According to Israeli reports, Netanyahu privately admitted he lacked the votes necessary to pass legislation preserving the exemptions demanded by ultra-Orthodox parties. That admission appears to have shattered support from influential rabbinical leader Rabbi Dov Lando, whose reported withdrawal of confidence sent Netanyahu’s coalition into free fall.
The collapse has fueled accusations that Netanyahu governed through political dependency rather than leadership. Critics say he repeatedly postponed difficult national decisions in order to preserve his coalition, allowing divisions over military service, judicial reform and religion to deepen while focusing primarily on remaining in office.
Opposition leaders wasted little time attacking the government’s collapse. Benny Gantz called it the failure of one of the worst governments in Israeli history, while Yair Lapid signaled his bloc was already preparing for elections.
But the damage to Netanyahu may go beyond another political setback.
For decades, Netanyahu cultivated an image as Israel’s ultimate political survivor, a master tactician capable of escaping scandals, elections and internal revolts that would destroy other leaders. Yet this crisis cuts deeper because it reveals the limits of transactional politics.
He empowered factions he could no longer control.
He made promises he could no longer keep.

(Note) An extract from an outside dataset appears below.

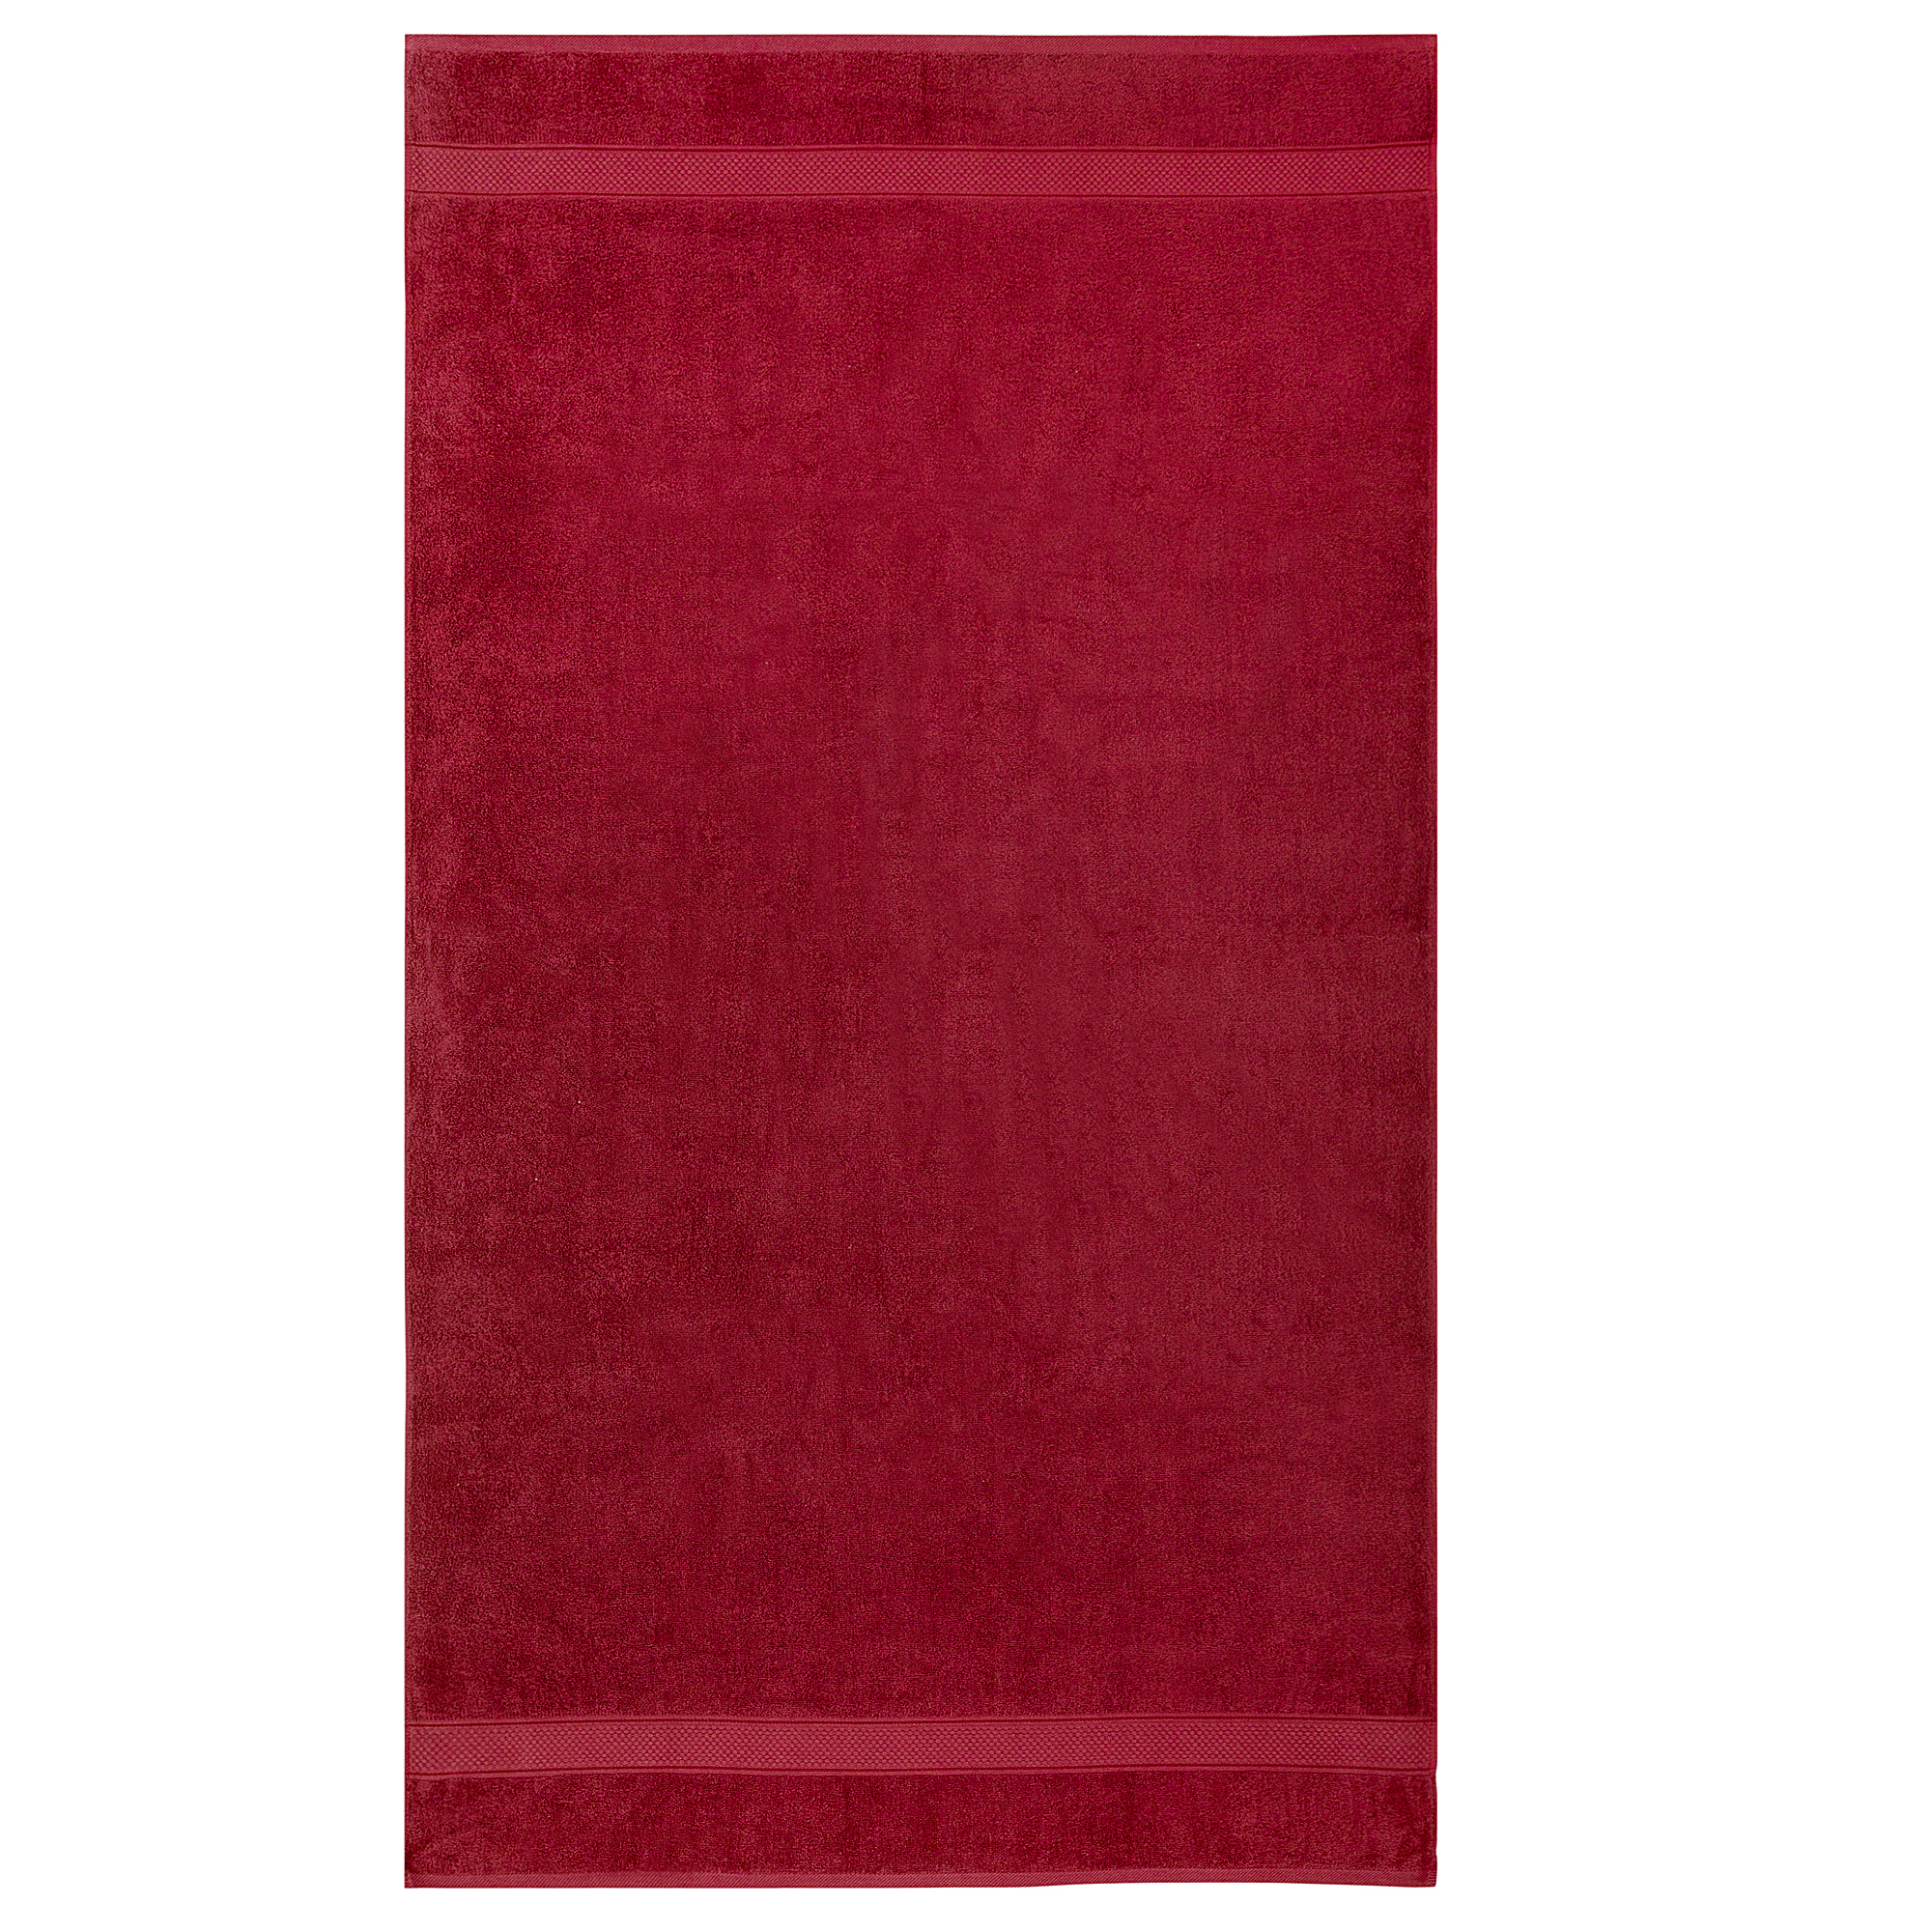 Bale Set 2pcs Burgundy Premium Plain Extra Large Bath Sheet Towel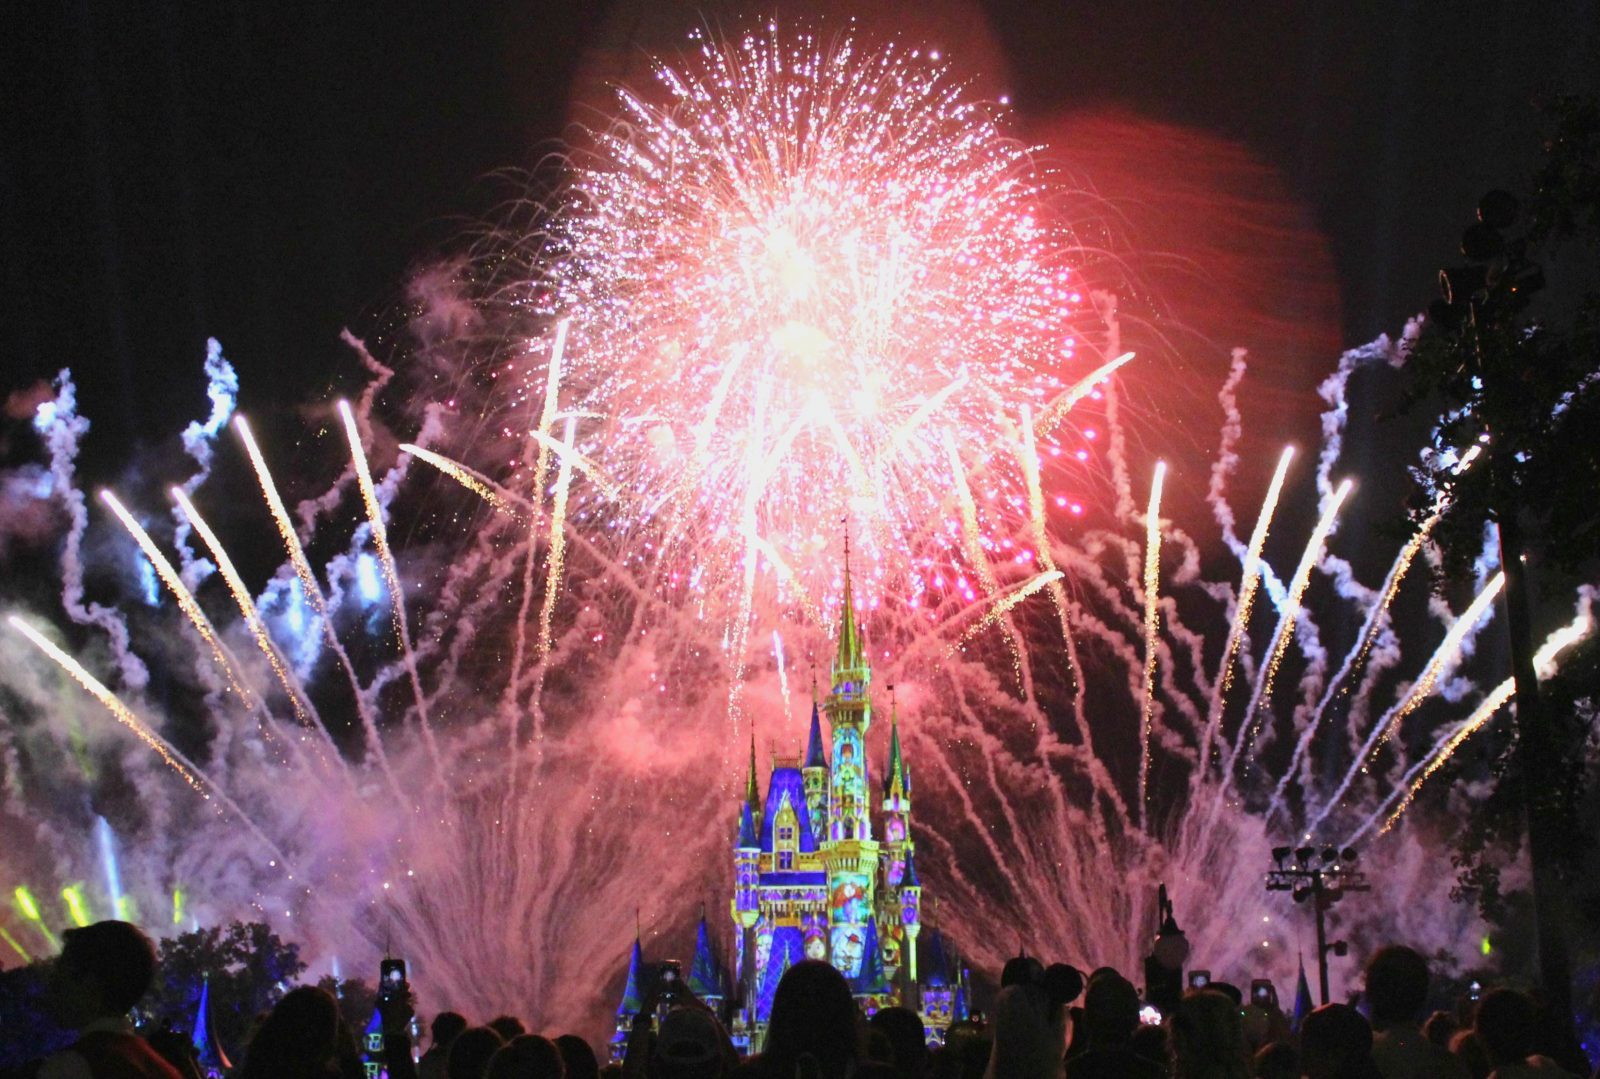 fireworks at night over cinderella's castle

And in the end, the coalition he built to guarantee his survival may have become the instrument of his political humiliation.
Israel now heads toward another possible election with a fractured electorate, rising public frustration and no clear governing majority in sight. Polls suggest Netanyahu’s right-wing bloc may remain powerful, but potentially too weak to govern alone.
That uncertainty leaves Israel trapped in the same cycle that has consumed its politics for years: unstable coalitions, ideological warfare and leaders focused more on political preservation than national consensus.
For Netanyahu, the symbolism could not be more damaging. The man who once portrayed himself as the guardian of Israeli stability now leaves behind another collapsing government, another divided parliament and another nation preparing for political paralysis.
And this time, even his closest allies decided he was no longer worth saving.